Après 16 jours, quatre plants étaient abroutis dans la zone non déblayée – tous dans les mêmes carrés de plantation. Les neuf autres carrés ne montraient aucune trace de gibier. Dans la zone déblayée, en revanche, 14 plants étaient abroutis, répartis sur cinq des huit carrés. Au bout d’un an, le gibier avait goûté à tous les plants, que ce soit sur la zone déblayée ou sur la zone non déblayée, pourtant fortement verrouillée par des enchevêtrements de troncs et de branches (fig. 4).

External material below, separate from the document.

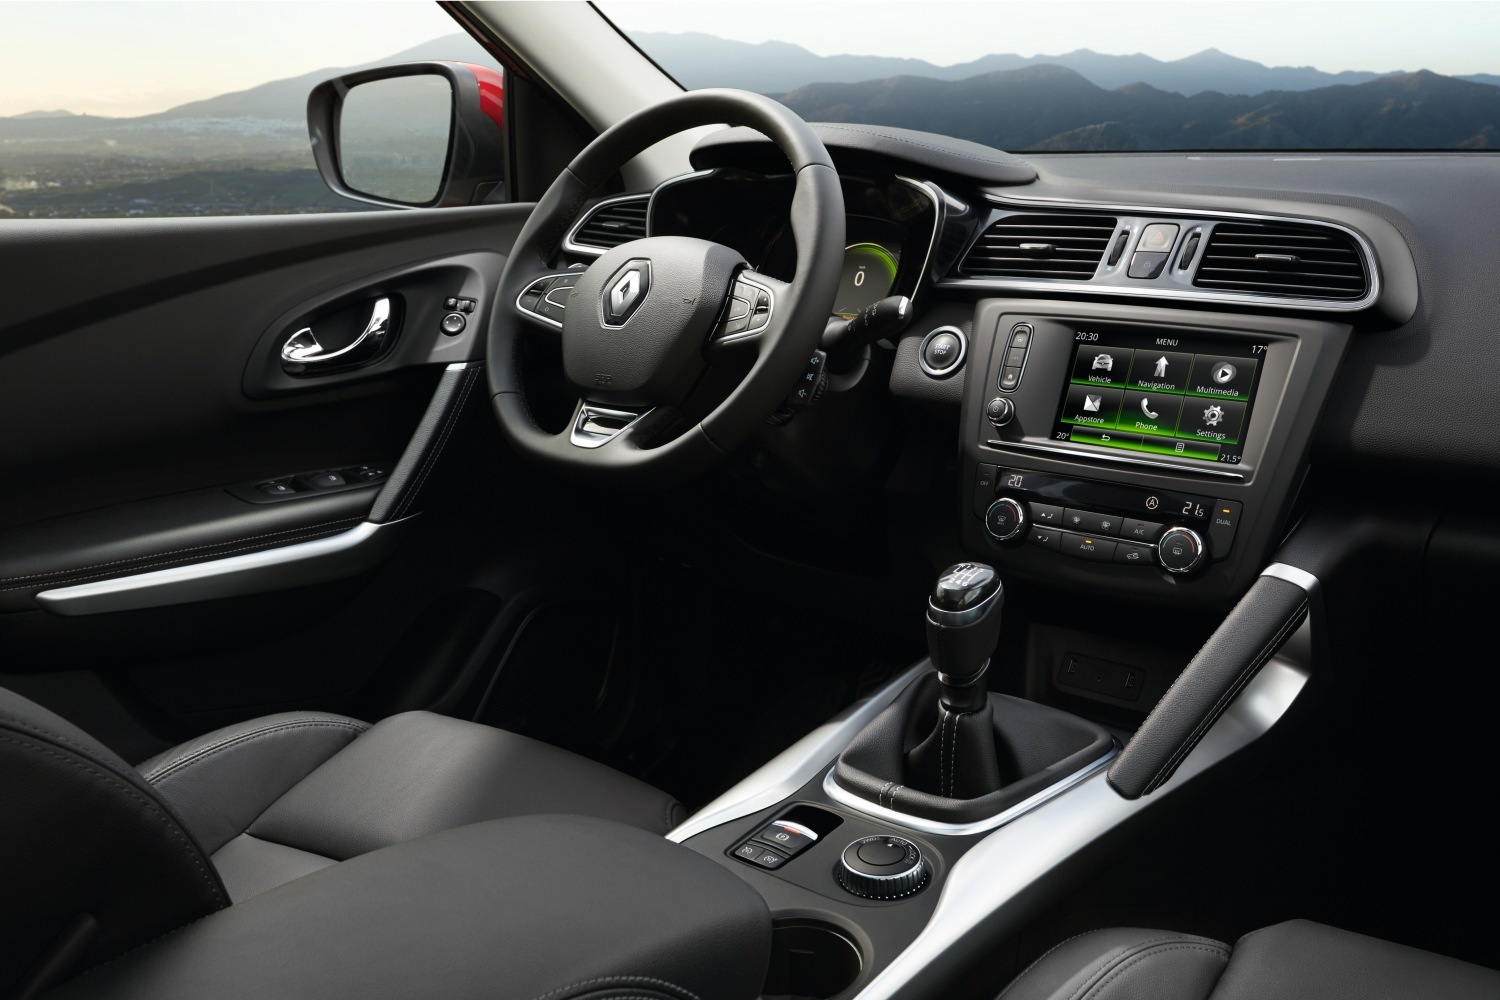 Renault Kadjar interior

Aucun des carrés de plantation situés dans la zone non déblayée n’a été complètement épargné. La proportion d’individus abroutis montre toutefois que ces emplacements sont moins fréquentés que ceux facilement accessibles. Après deux semaines, 94% des plants y étaient encore intacts (contre 75% dans les zones dégagées). Après un an, cette proportion tombe à 36% (7 dans les zones dégagées), après trois ans à 24% (2) et après sept ans à 17% (0) (figures 5 et 6).
 

Conséquences pour la pratique

Nous n’avons pas trouvé de site qui soit resté complètement inaccessible pour le gibier et n’avons donc pas pu vérifier notre hypothèse. En hiver, le gibier recherche de préférence sa pitance à des endroits protégés par des surplombs de différentes natures, là où la végétation n’est pas recouverte par la neige. La présence de traces dans la neige confirme que le gibier s’aventure en particulier à la mauvaise saison dans les enchevêtrements de bois de tempête. Ceci explique pourquoi nous avons finalement trouvé des traces d’abroutissement sur tous les carrés de plantation, malgré nos efforts pour choisir des emplacements inaccessibles.

Nos observations ont cependant aussi montré que les chablis non évacués avaient un certain effet de protection. Dans les enchevêtrements de chablis, la fréquence de l’abroutissement et la proportion d’arbrisseaux touché étaient nettement inférieures. L’intérêt de cet effet protecteur pour la pratique doit cependant être relativisé par les considérations suivantes :

  • les sites particulièrement bien protégés ne sont pas très favorables au rajeunissement, qui ne s’installe que dans une moindre mesure.
  • Nos observations ne couvrent que sept années, au bout desquelles les sapins sont loin d’avoir échappé définitivement au gibier, d’autant plus que l’effet protecteur des chablis diminuera vraisemblablement lorsqu’ils se décomposeront.
  • Les chablis restent le plus souvent en place lorsque la fonction de production n’est pas primordiale, par exemple dans des réserves ou des forêts de protection. Or dans une réserve, la protection contre l’abroutissement n’est pas une priorité. Et dans une forêt de protection, dont la fonction doit être assurée au plus vite, ce qui fait de l'évacuation associée à une protection physique contre le gibier le choix le plus sûr.


Cette étude pilote nous livre les enseignements suivants :

  1. les enchevêtrements de chablis ne protègent que de manière réduite et pour une durée limitée le sapin, l’essence préférée du gibier. Cet effet protecteur pourrait être plus marqué si la densité de gibier est plus faible et la proportion d’essences moins appréciées plus élevée. Dans les forêts de protection, il devrait toutefois durer nettement plus longtemps pour permettre aux semis d’échapper à la dent du gibier et donc d’atteindre une taille utile.
  2. Dans l’état actuel de nos connaissances, il serait trop risqué de compter sur les chablis pour assurer la pérennité des semis dans les forêts de protection importantes.
  3. De nouvelles études portant sur d’autres essences et sur d’autres sites sont nécessaires pour mieux estimer la durée de l’efficacité de cet effet protecteur.